ENTRIES SHOWN Start Marker
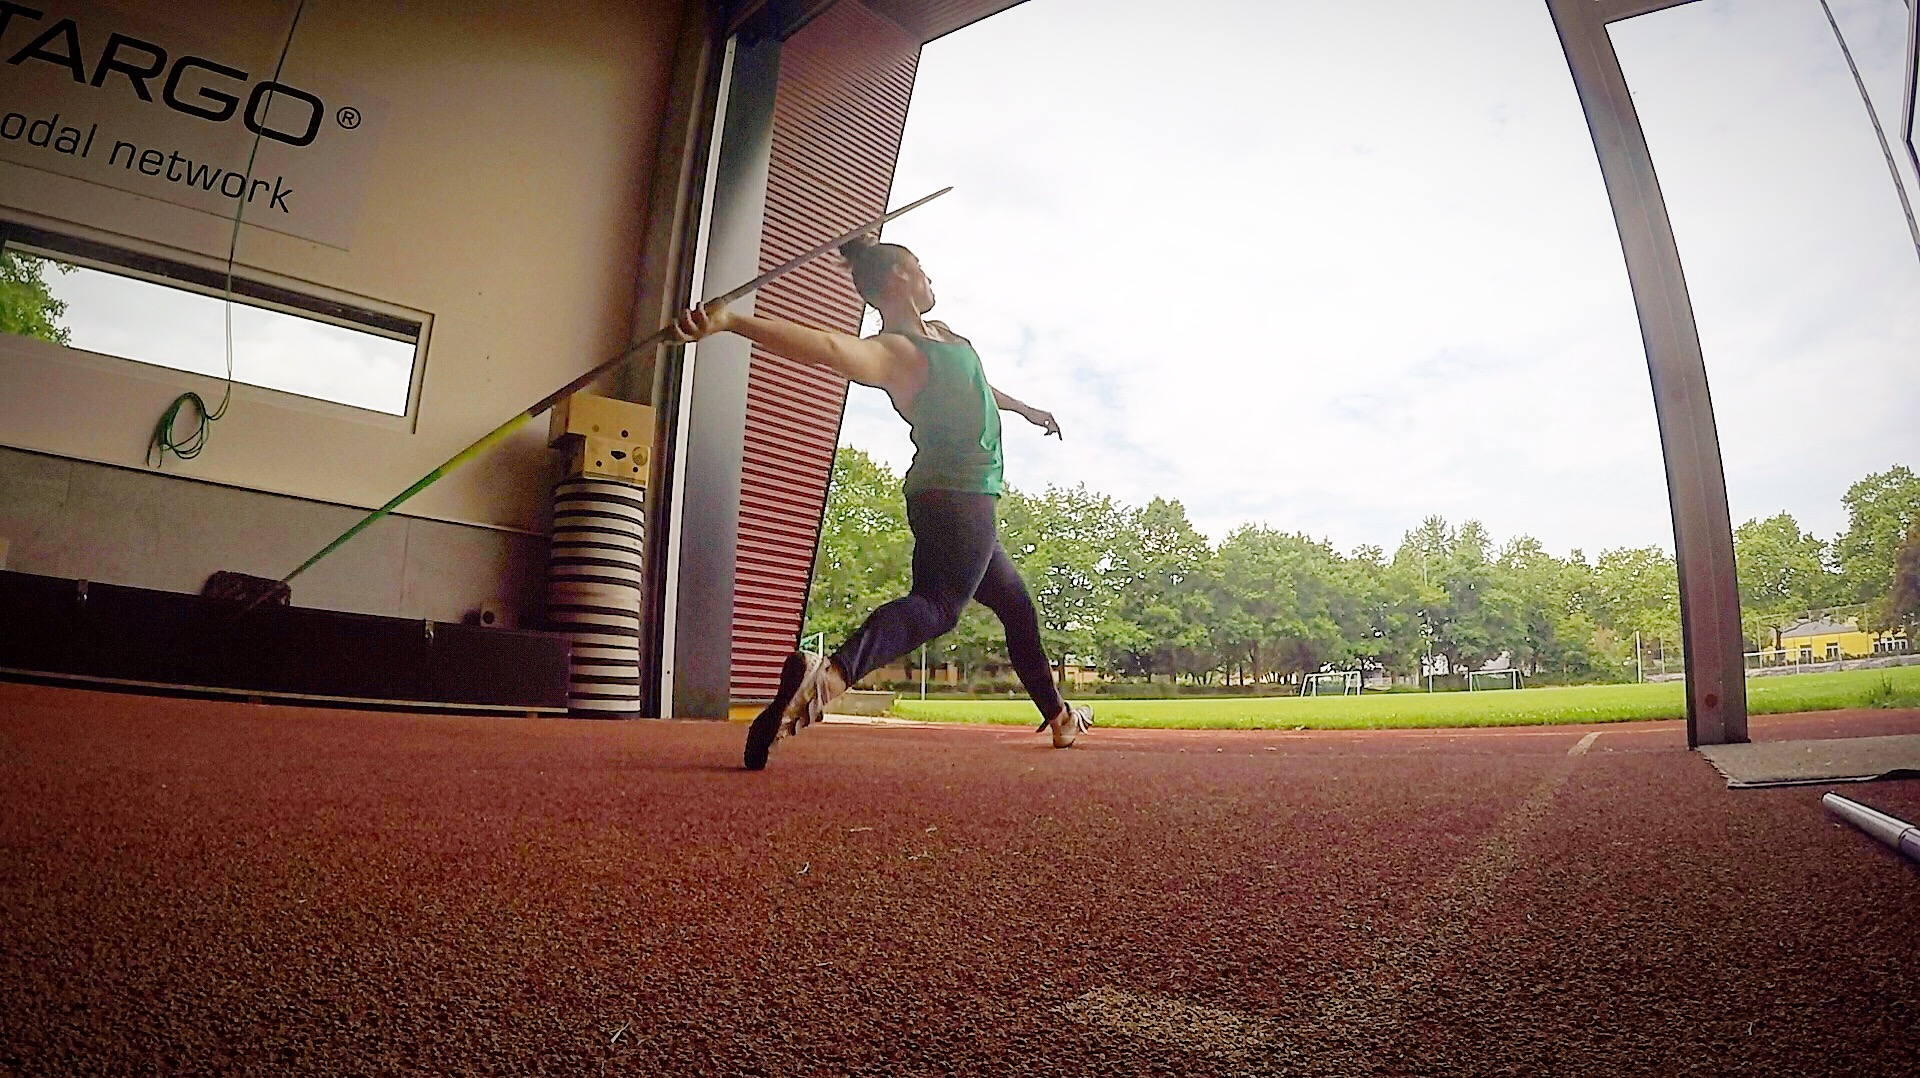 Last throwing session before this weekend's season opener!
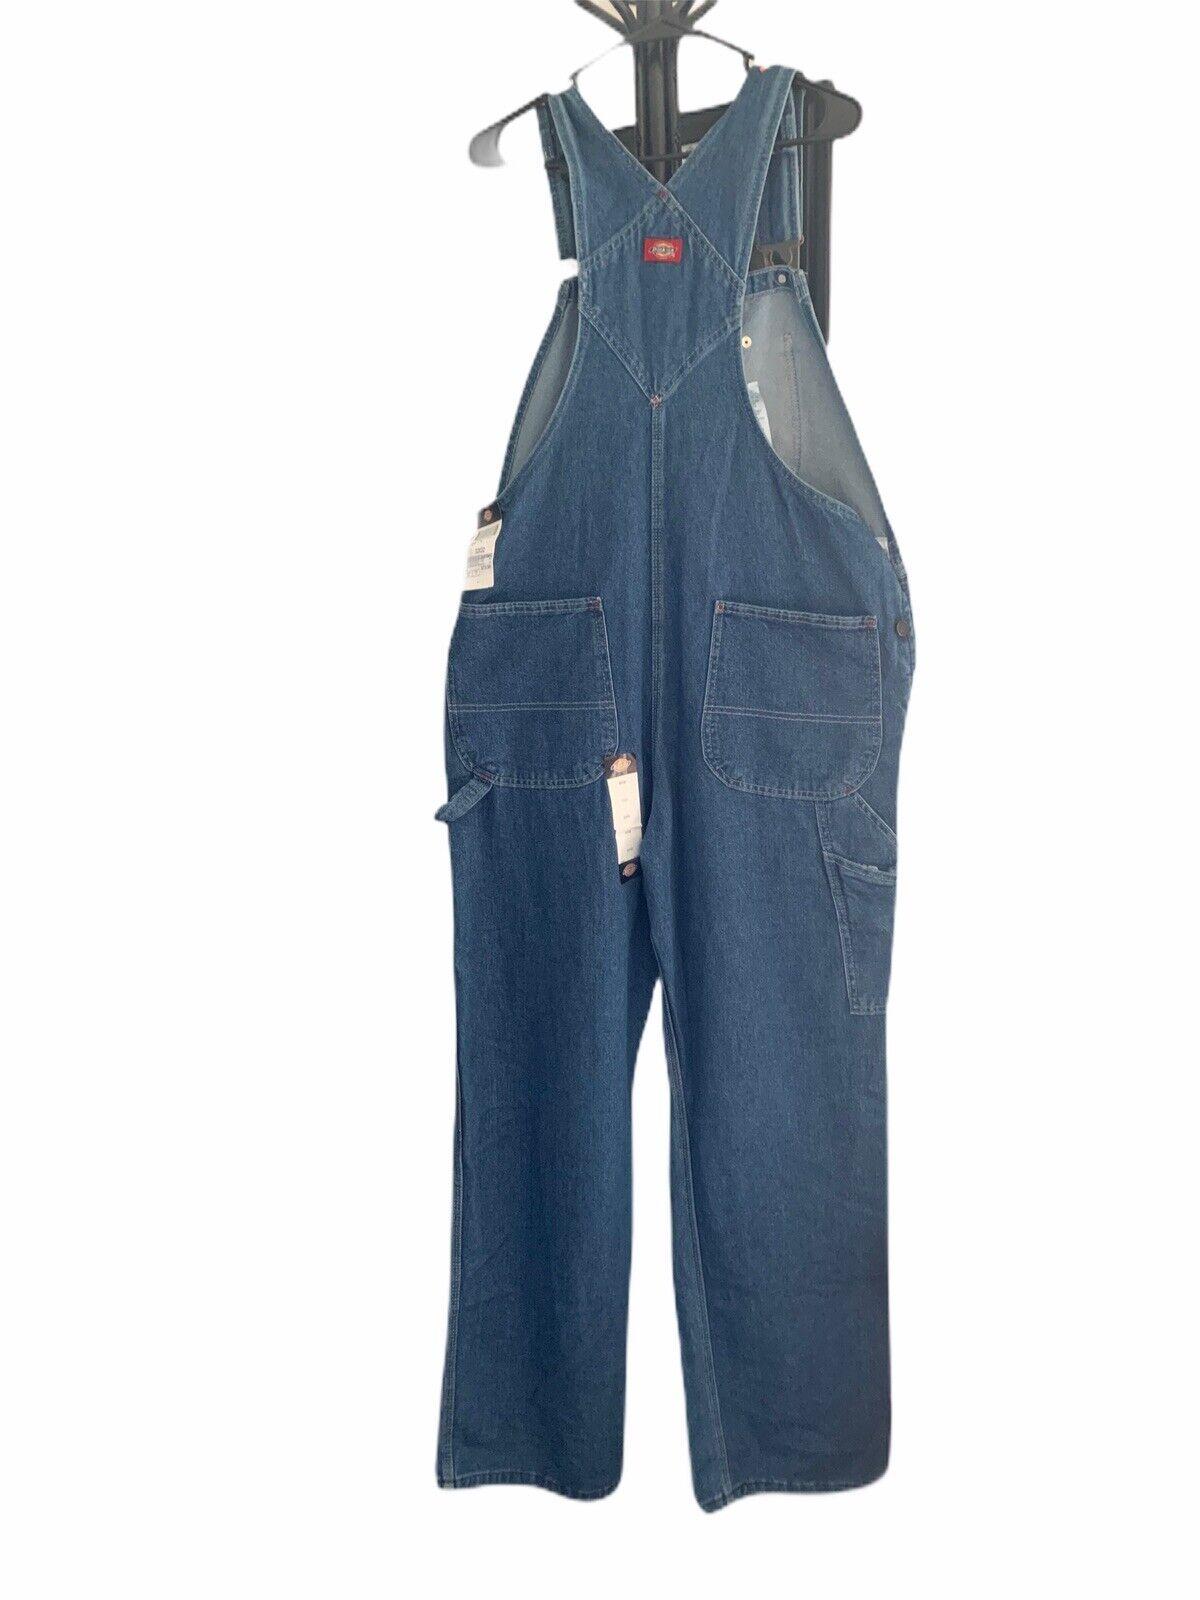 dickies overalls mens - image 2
ENTRIES SHOWN End Marker
ENTRIES SHOWN Start Marker
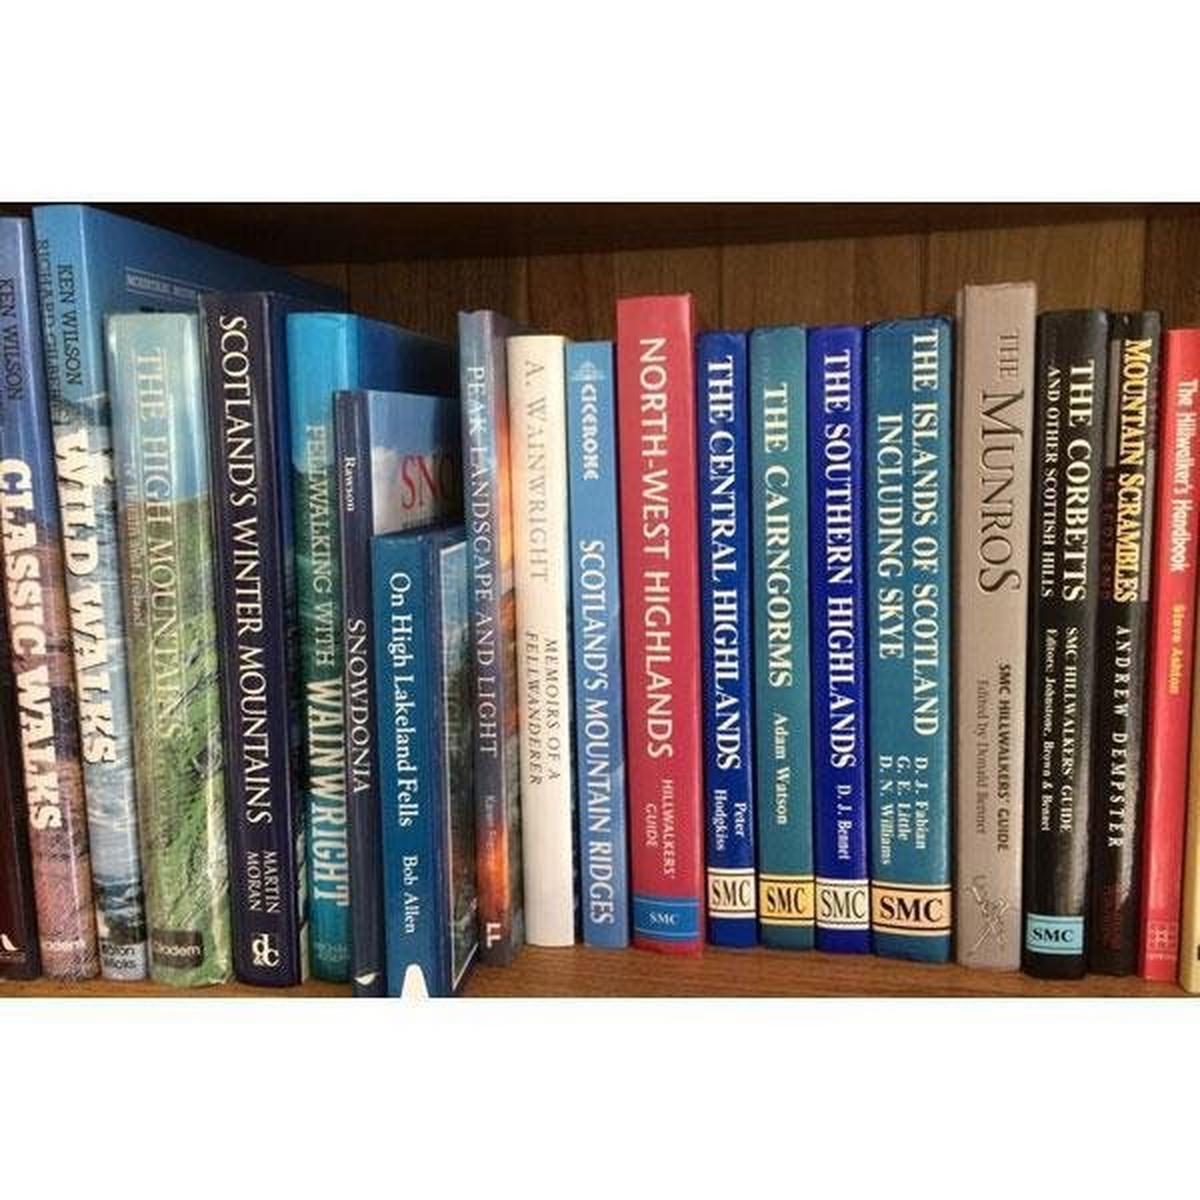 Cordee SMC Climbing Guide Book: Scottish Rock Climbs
ENTRIES SHOWN End Marker
PROBLEM DETAILS:
Each line from the one that contains "Last throwing session" down to the one that contains "dickies overalls mens - image 2" is to be returned exactly as it stands above, both ends included, with pictures removed.

TASK RESULT:
 Last throwing session before this weekend's season opener!
 dickies overalls mens - image 2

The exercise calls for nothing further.